#### EXERCISE INSTRUCTIONS
Leaving out the pictures, return word for word the stretch of entries below from the line holding "Collage of artwork by Duane L. West." through the line holding "Download Audrey Snyder".

#### STUDY MATERIAL
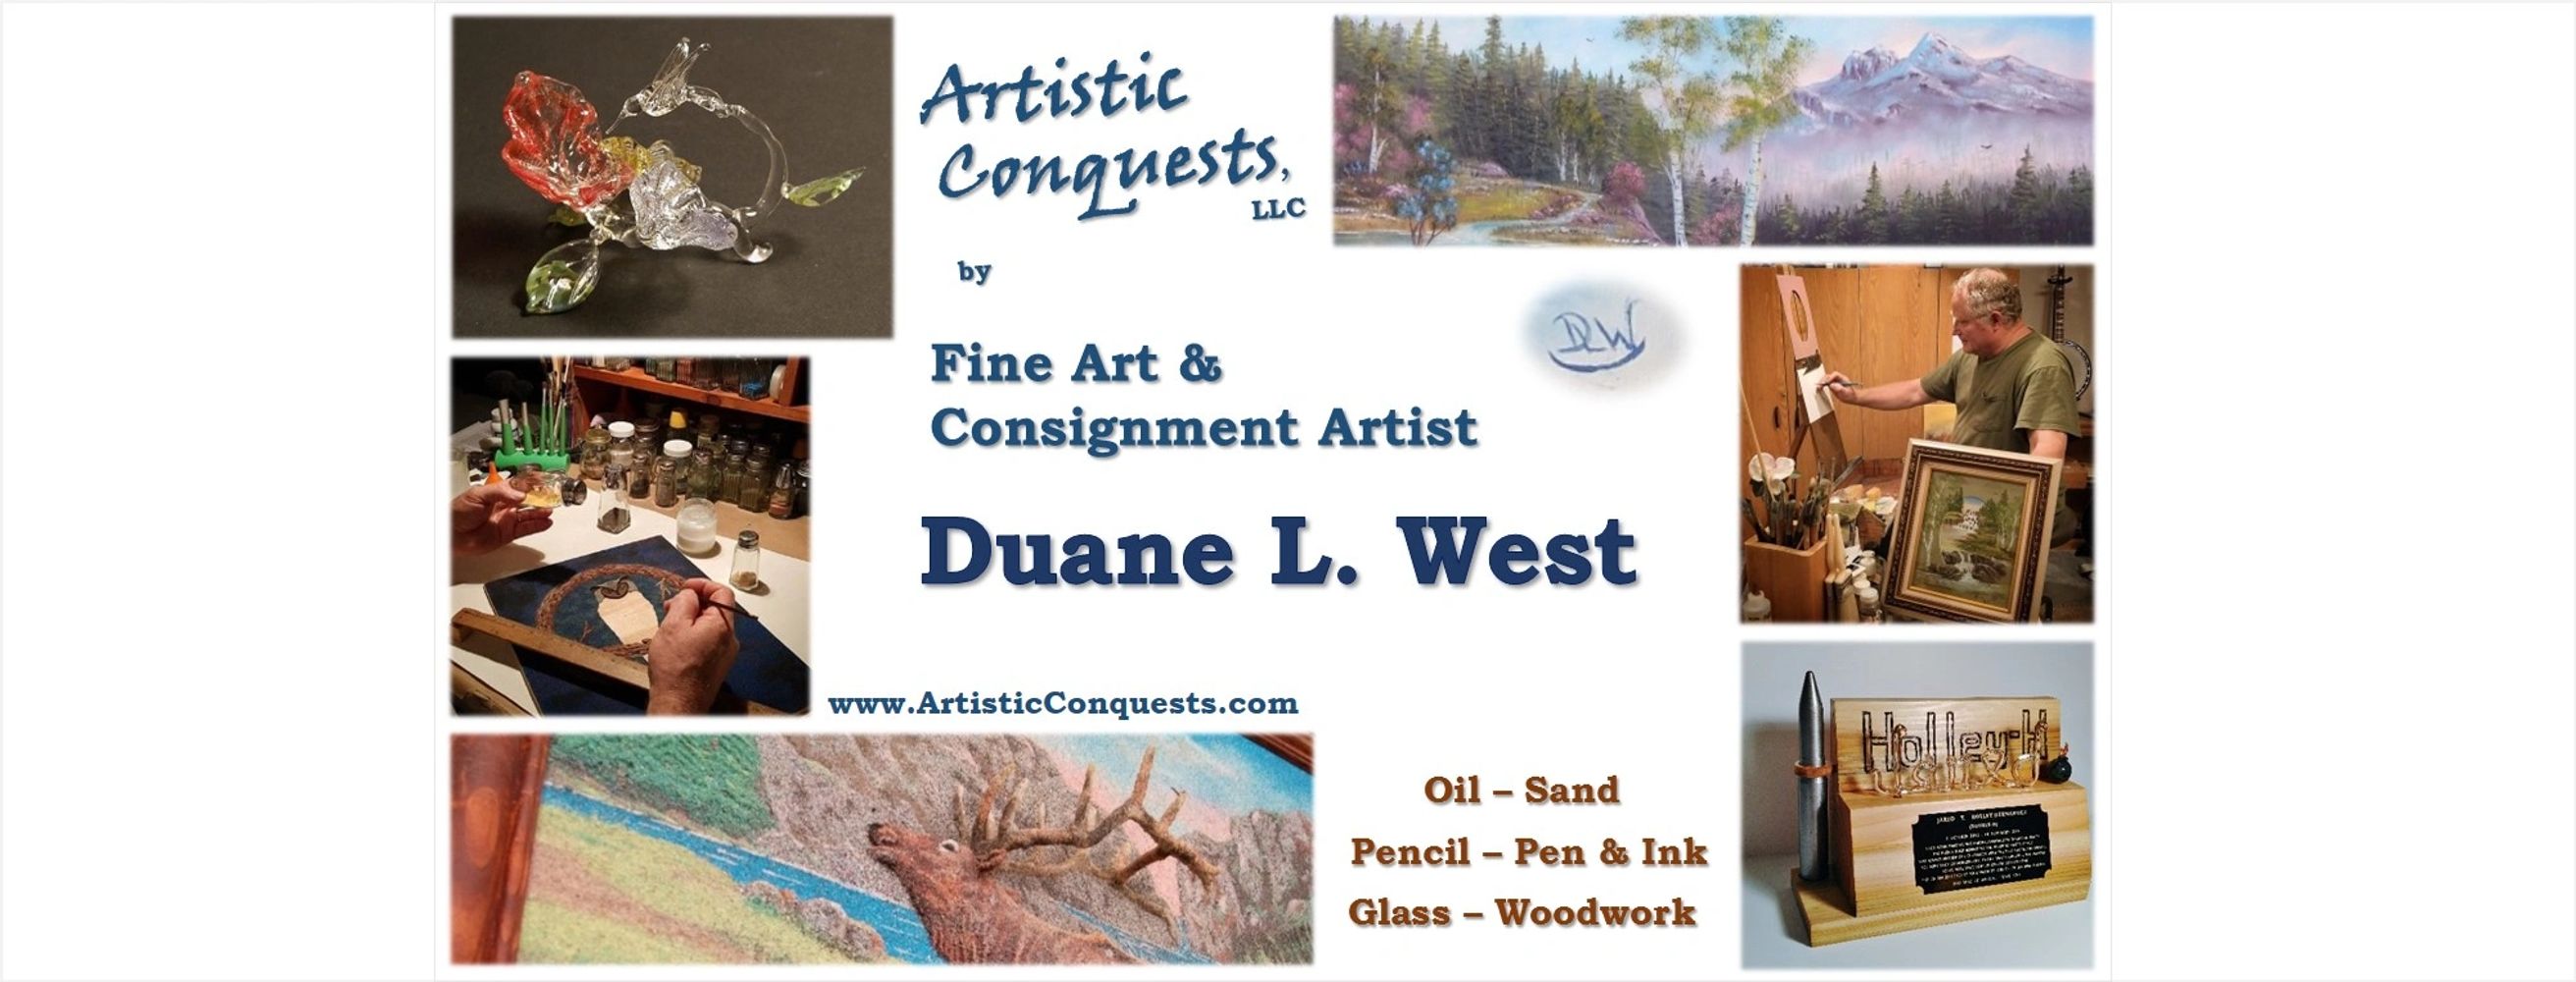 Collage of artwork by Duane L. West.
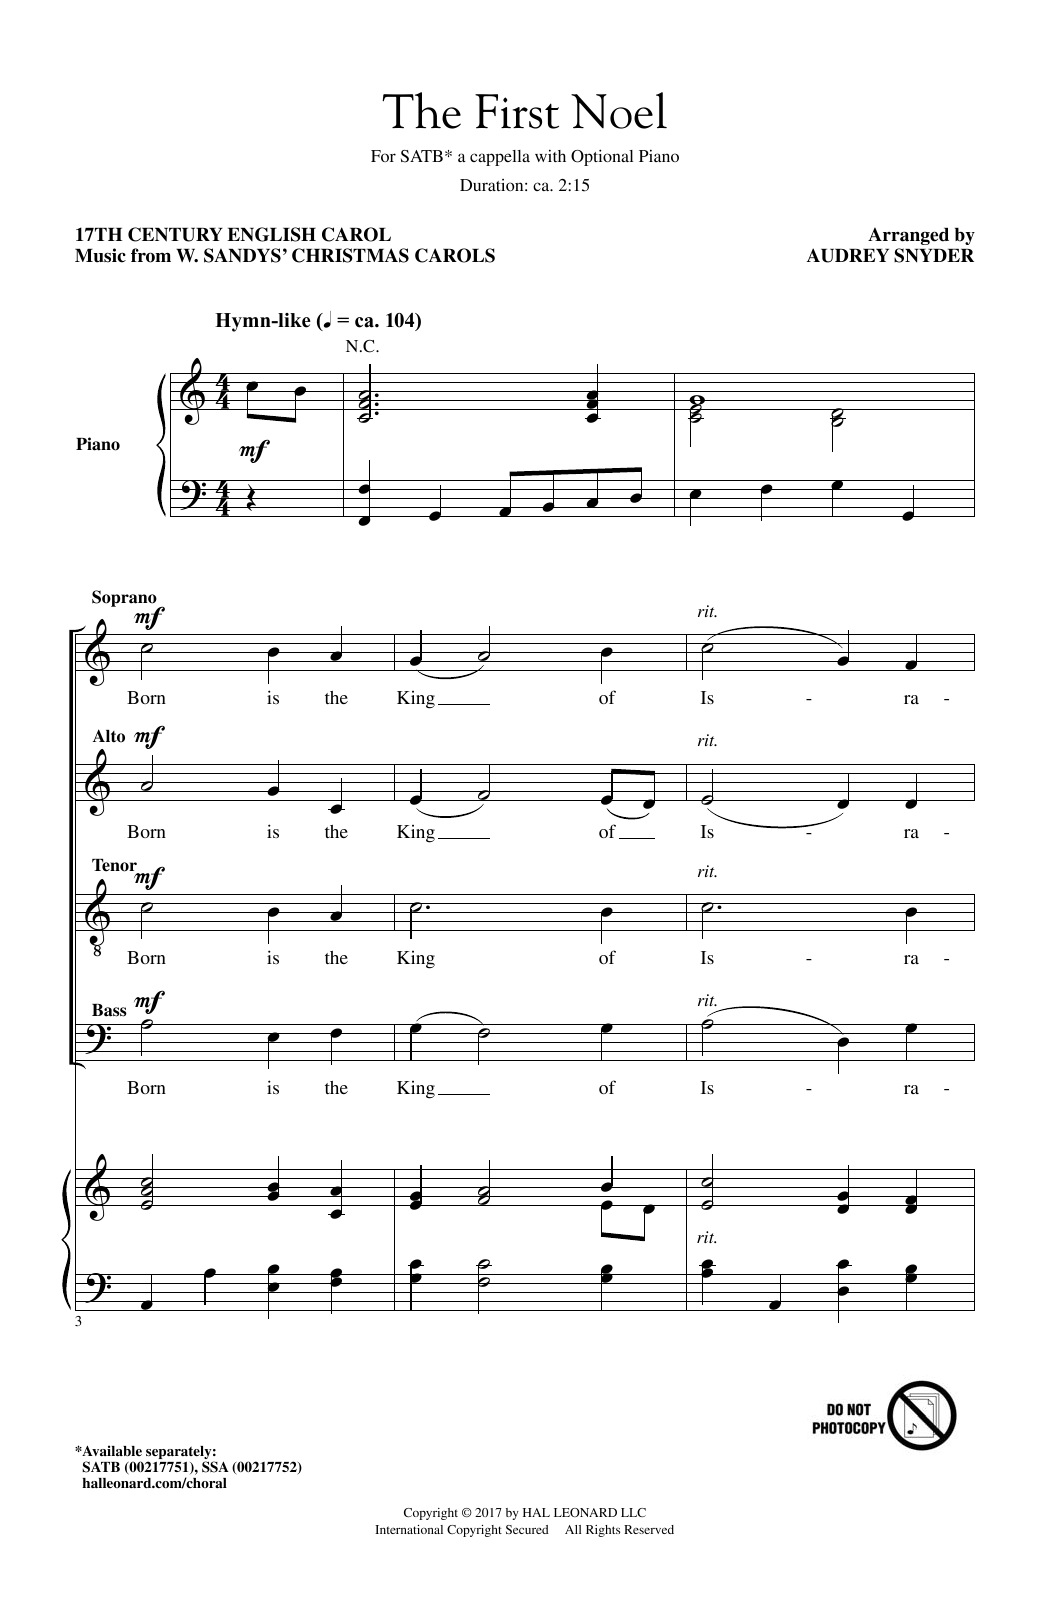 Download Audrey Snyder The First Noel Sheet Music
* * *
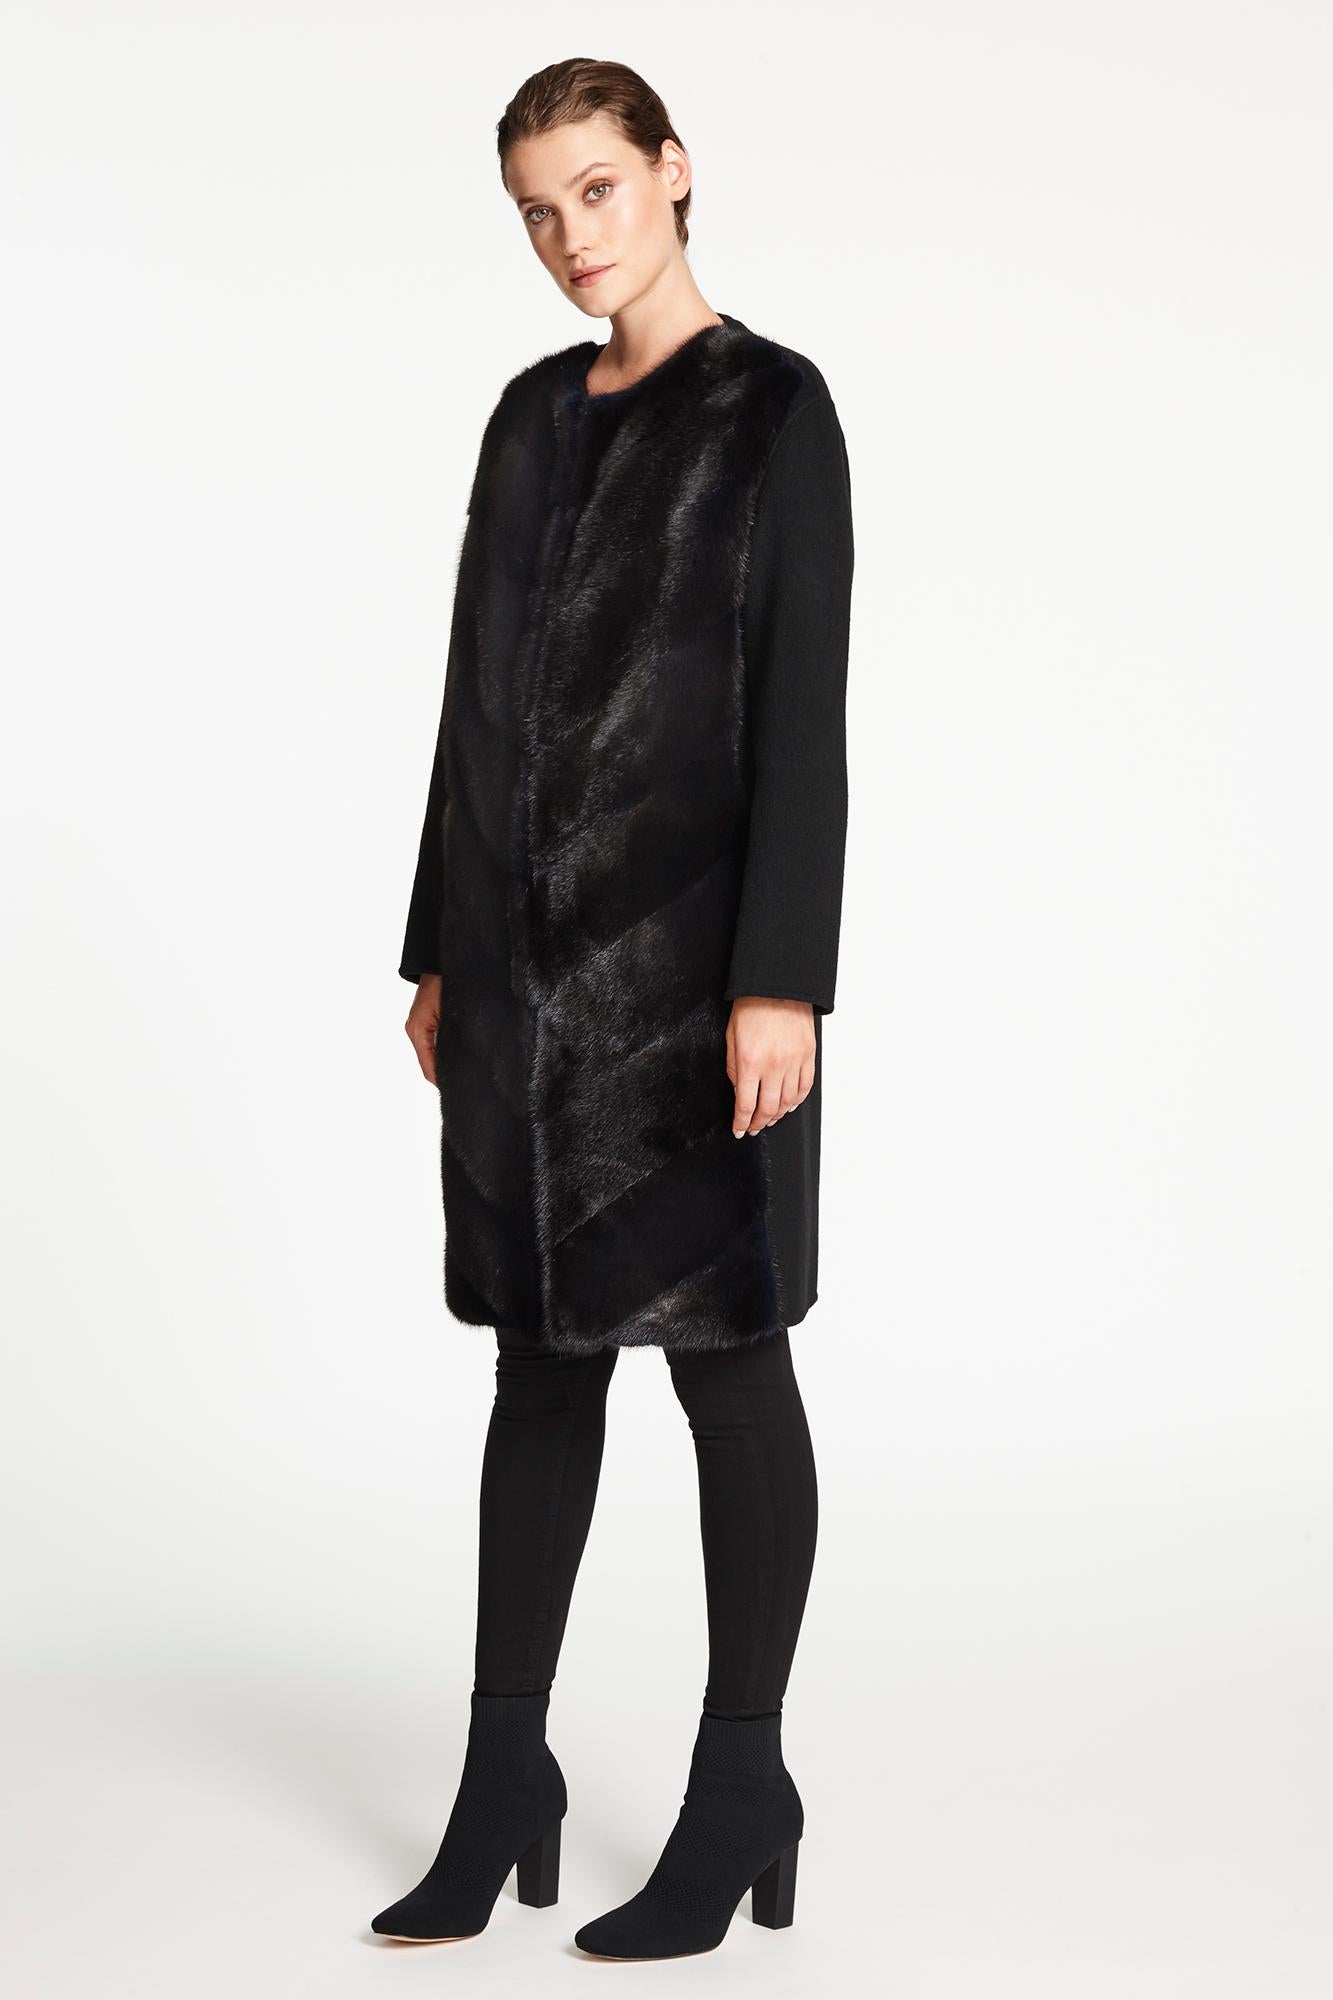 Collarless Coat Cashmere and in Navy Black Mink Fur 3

#### ANSWER TO THIS PROBLEM
 Collage of artwork by Duane L. West.
 Download Audrey Snyder The First Noel Sheet Music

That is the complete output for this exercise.